Grundsätzlich planen wir rund 30 Prozent vom Nettoergebnis als
Dividende auszubezahlen, allerdings immer in Abhängigkeit vom
Finanzierungsbedarf für geplante Akquisitionen und der
Geschäftsentwicklung. Für dieses Jahr würde sich eine Dividende von
rund 30 Cent je Aktie ergeben.

a|m: Welche Erwartungen haben Sie an das laufende Geschäftsjahr?


Amnon F. Harman:
Wir rechnen mit einer nachhaltigen Erholung
frühestens ab Mitte 2010 und einer stabilen Steigerung des
Aufschwungs in 2011. Die langfristigen Wachstumsperspektiven in
unseren Kernsegmenten sind jedoch gegeben.
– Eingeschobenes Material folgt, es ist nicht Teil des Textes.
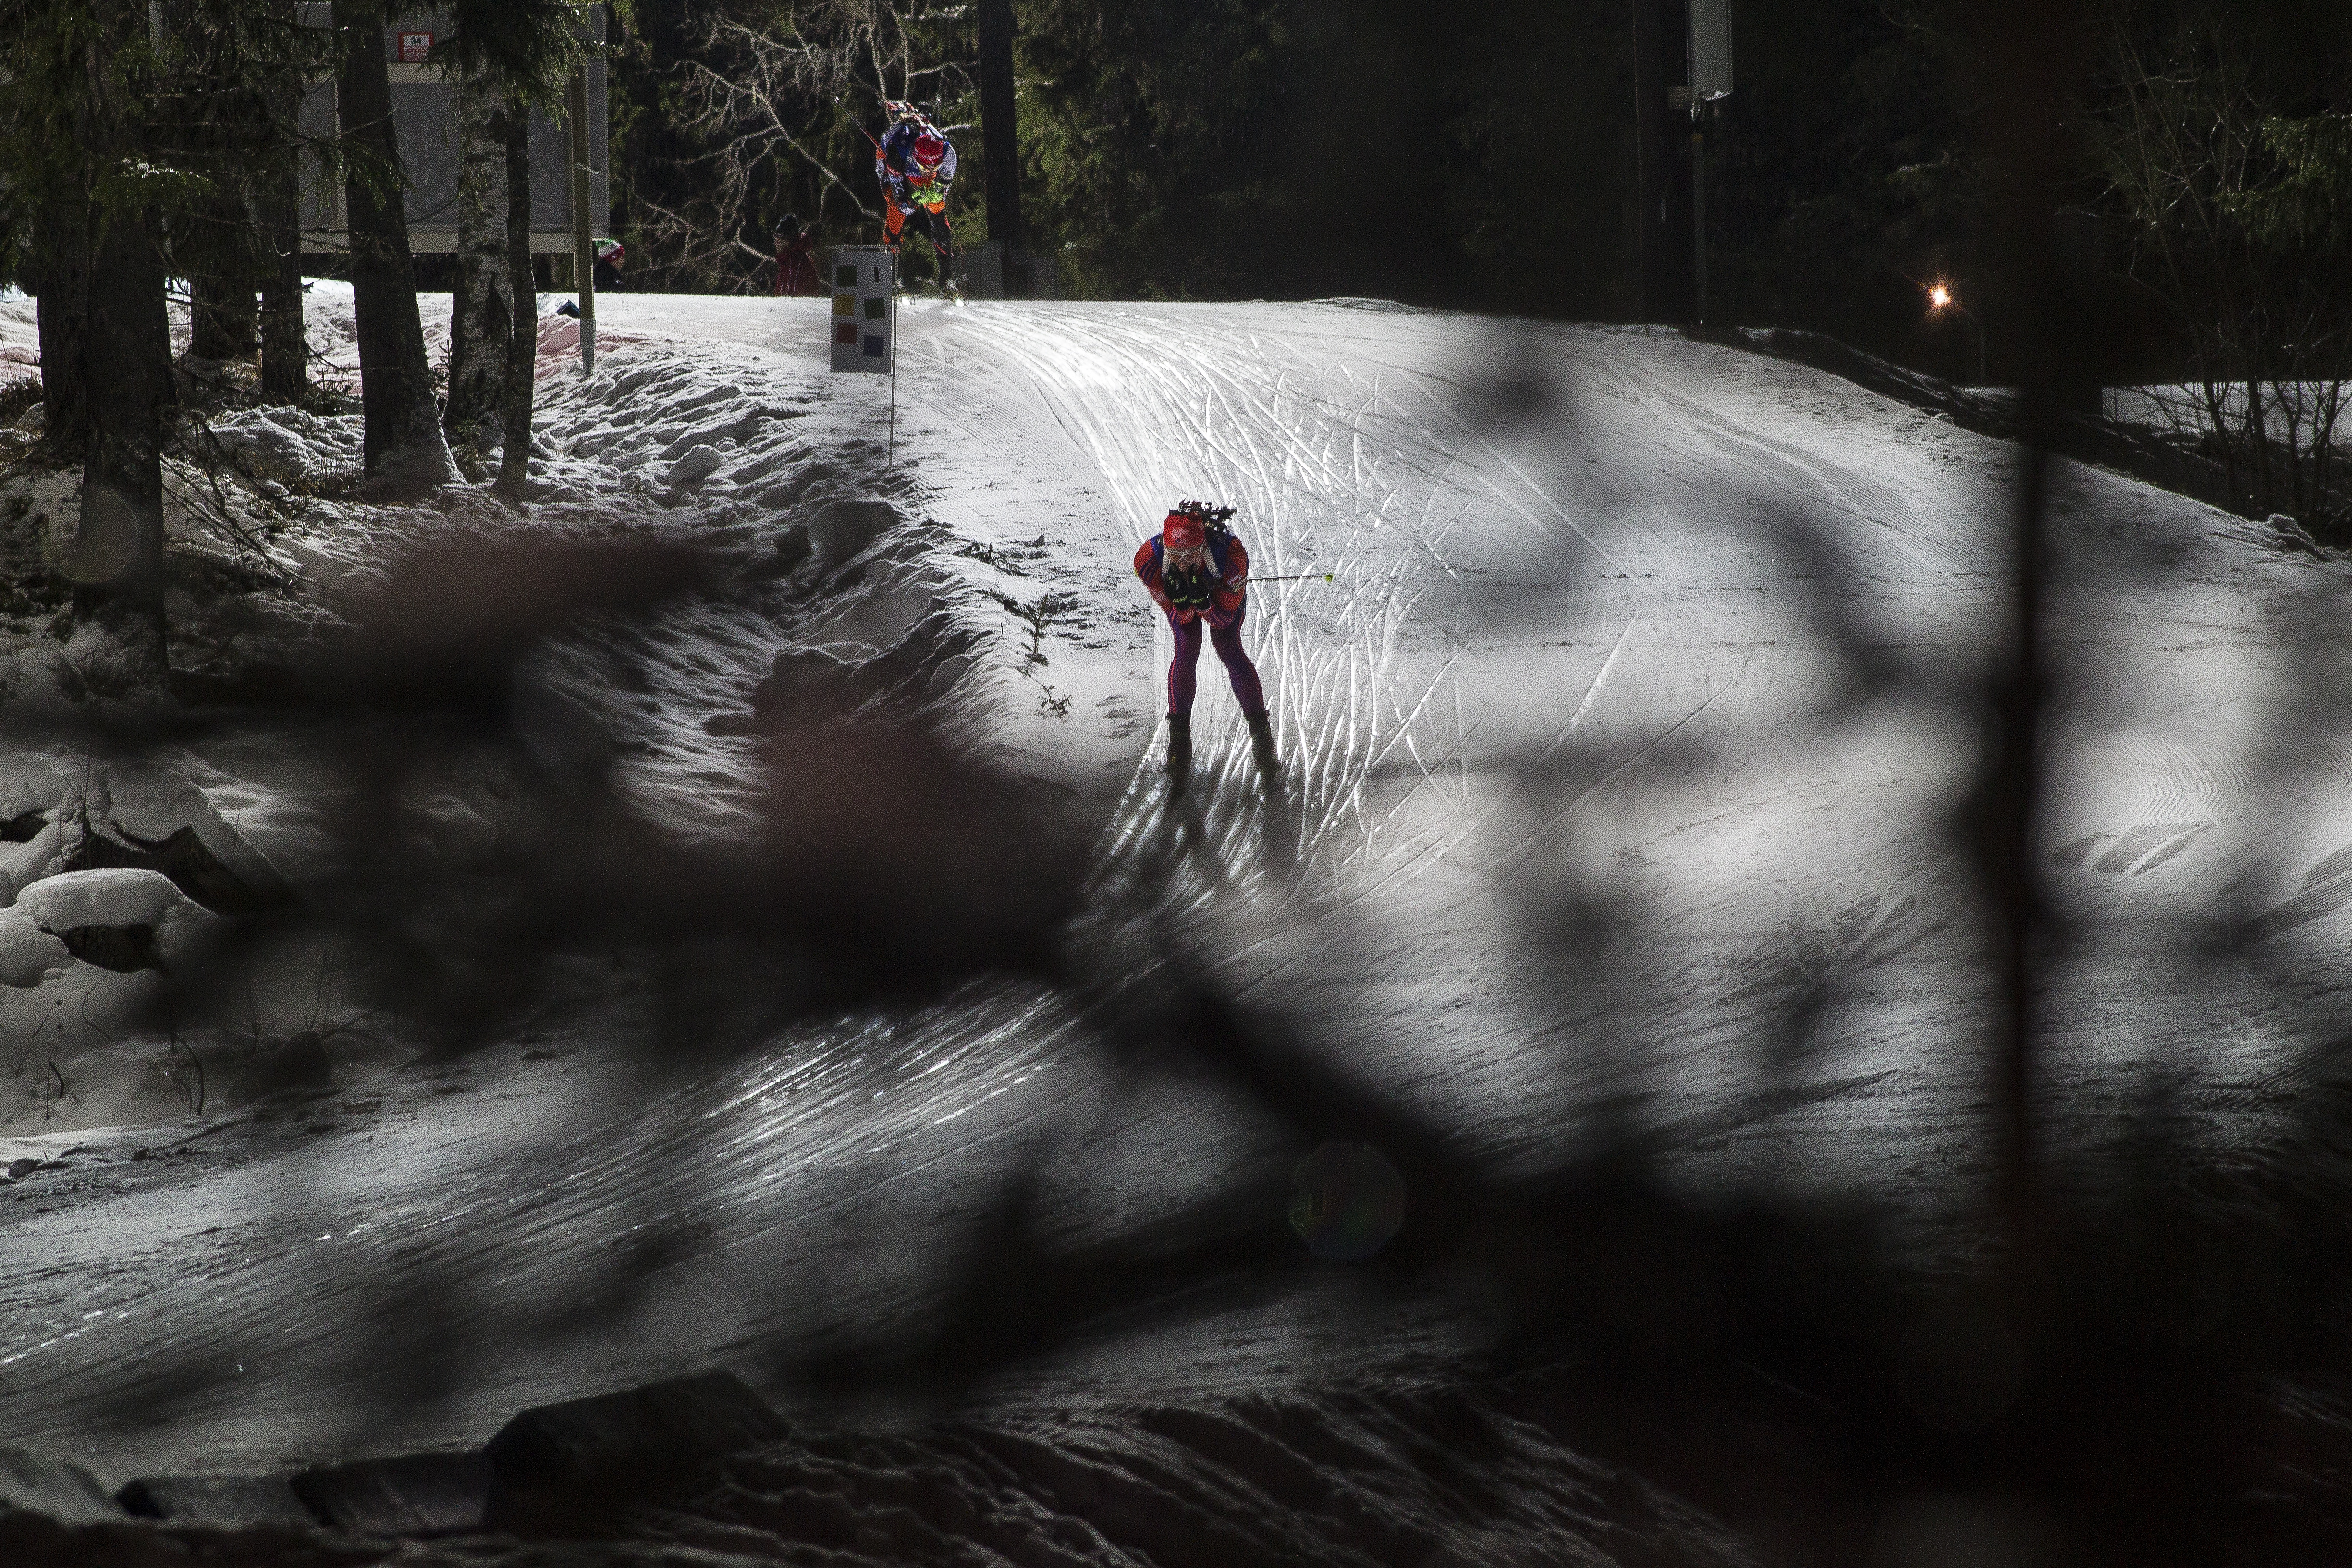 Sean Doherty takes a downhill under the bright lights of the Oestersund trails. The 20-year-old American finished 17th in the first individual World Cup race of the season. (Photo: U.S. Biathlon / NordicFocus)

Wir haben in der Krise
unsere Kostenbasis reduziert, aber gleichzeitig auch neue Produkte
entwickelt. Nicht zuletzt sind unsere internationalen
Vertriebsaktivitäten eine wichtige Voraussetzung, um in neue Märkte
einzudringen und um uns dort zu positionieren. Damit haben wir unsere
Marktposition für die Zeit nach der Krise weiter gefestigt. Wir
arbeiten heute an viel versprechenden Projekte bei unseren Kunden,
die in 2010 zur Entscheidung anstehen. Ganz klar ist unser Ziel, die
Ergebnisse von 2008 mit 127 Mio. Euro und einer Profitabilität von 14
bis 15% so schnell wie möglich wieder zu erreichen.

a|m: Herr Harman, wir bedanken uns für das Gespräch.